Our own lack of attention may be part of what makes Clinton's presence even more remarkable. A 2010 Harvard study found that we spend 47 percent of our waking hours thinking about something other than what we’re doing. But countless anecdotes about Clinton suggest that his legendary charisma stems from the undivided attention he gives to every person he meets.
Here are five things Bill Clinton has taught us about paying attention.
Attention is about empathy
During a 1992 presidential debate, Clinton and George H.W. Bush were asked how the national debt affected them personally -- and the way the two politicians answered provided a whole lot of insight into their personalities.
While Bush twisted the question to take the focus off himself, before muttering his way through an explanation of how price hikes "affect everyone," Clinton walked over to the woman who asked the question, looked her in the eye, and asked her how the debt affected her. He explained how, as the governor of Arkansas, he'd seen the people in his state suffer, and how much of an impact it had on him.
"In my state, when people lose their jobs, there's a good chance I'll know them by name," Clinton said.
Attention can make the difference between a strong and a weak communicator
As a politician, Clinton understood the difference between talking at people and talking to or with them. The Guardian's Alastair Campbell called Clinton "the greatest political communicator I ever saw." Paying attention was, and still is, his secret weapon -- look no further than the debate video above for evidence.
People can tell when you’re actually listening to them – and they love it
It seems simple and obvious, but Clinton built a career on doing what most politicians can’t or won’t do: connect with ordinary people, look them in the eye and listen to what they have to say.
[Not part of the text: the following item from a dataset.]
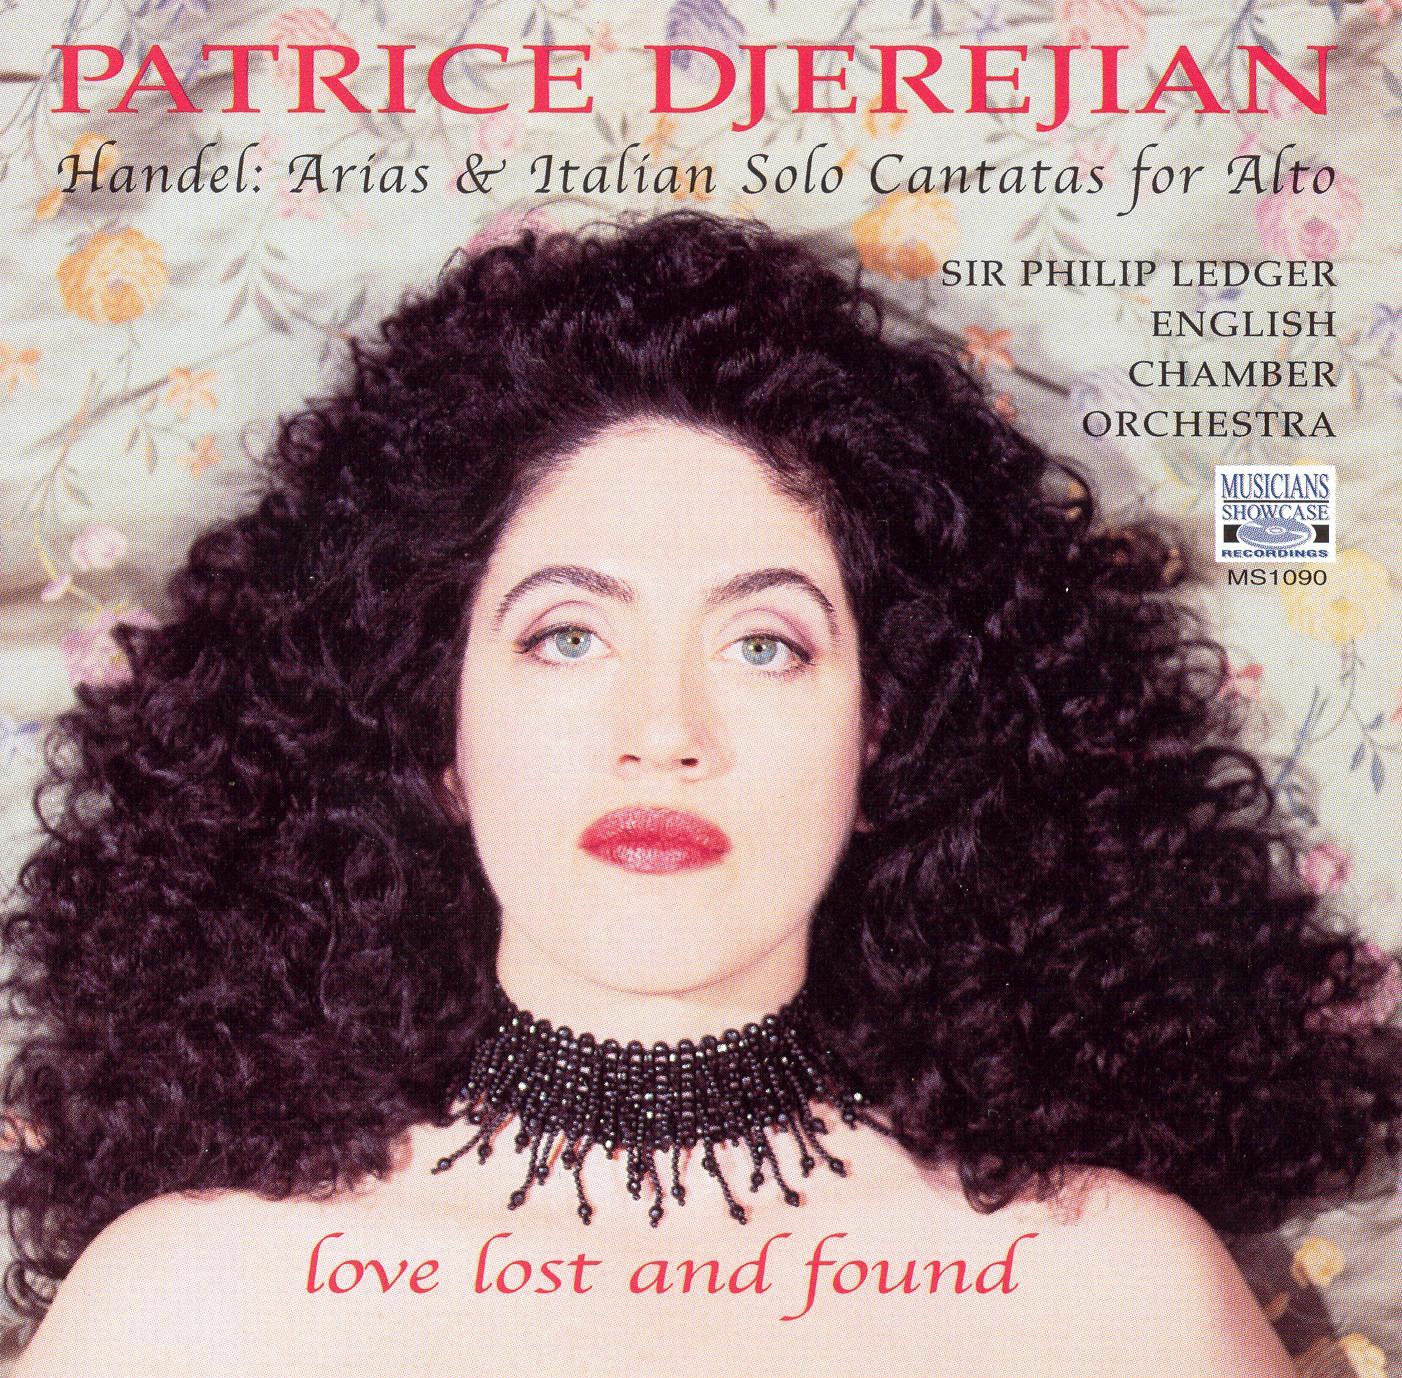 Patrice Djerejian: Love Lost and Found - Handel Arias & Italian Cantatas
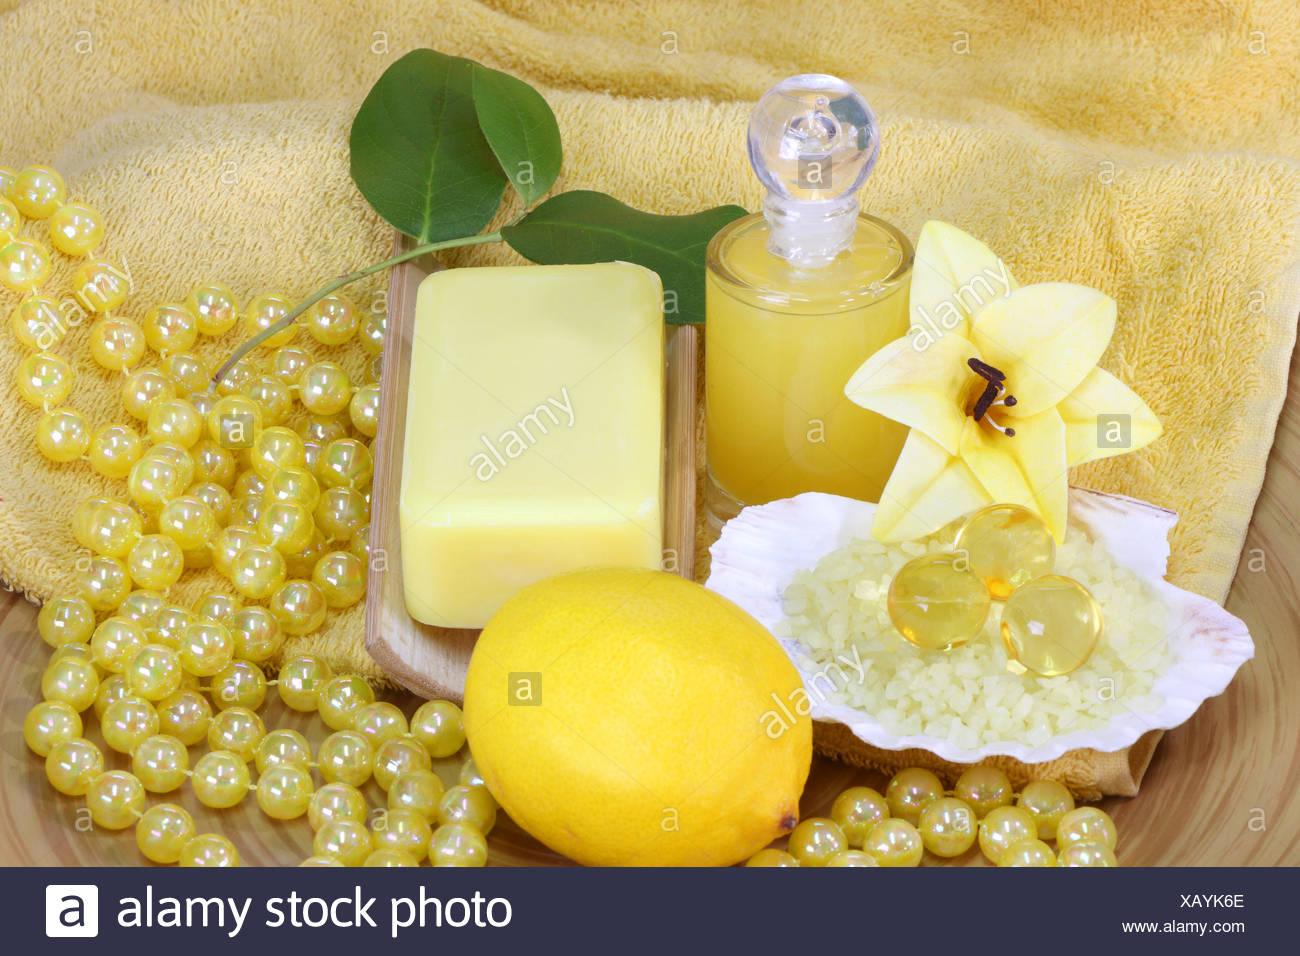 Soap Maintenance Medium Skincare Shell Decoration Hygiene Decorative

His ability to listen was instrumental in his ability to win people over.
"All my life I’ve been interested in other people’s stories," Clinton wrote in My Life. "I wanted to know them, understand them, feel them."
Eye contact matters
Psychology Today calls eye contact the "strongest form of nonverbal communication." And according to a University of Miami study, over 43 percent of the attention we focus on someone is devoted to their eyes.
Clinton's intense eye contact is a powerful display of his attention, and in some cases, it has elicited particularly strong reactions.
During a 1999 interview with David Letterman, actress Gillian Anderson (best known for her role as special agent Scully on "The X Files") shared her belief that the secret behind Clinton’s sex appeal was "lingering eye contact,” according to celebrity news site Metro UK.
“We all, mostly women, lined up. And when he gets to you, he takes your hand and makes eye contact," Anderson reportedly said. After he leaves and he moves on to the next person, he looks back at you and seals the deal. When I got home, I expected to have a message from him, and I didn’t. I bet women across America expect it too.”
You can improve your ability to pay attention
When it comes to paying attention, great practitioners aren’t born -- they’re made. And meditation is one way to improve your ability to engage and communicate with others. As Buddhist teacher Sharon Salzberg puts it, “Training attention through meditation opens our eyes.”
Clinton has never spoken publicly about meditation, but according to the Times of India, he practices Buddhist meditation for good health and well-being.
Studies have linked meditation with improved concentration and focus, and an increased ability to avoid distractions. Just as exercise can improve the body, meditation and mindfulness can build the attention muscle through regular training. And as Bill Clinton has demonstrated, it can make you more effective in every aspect of your life.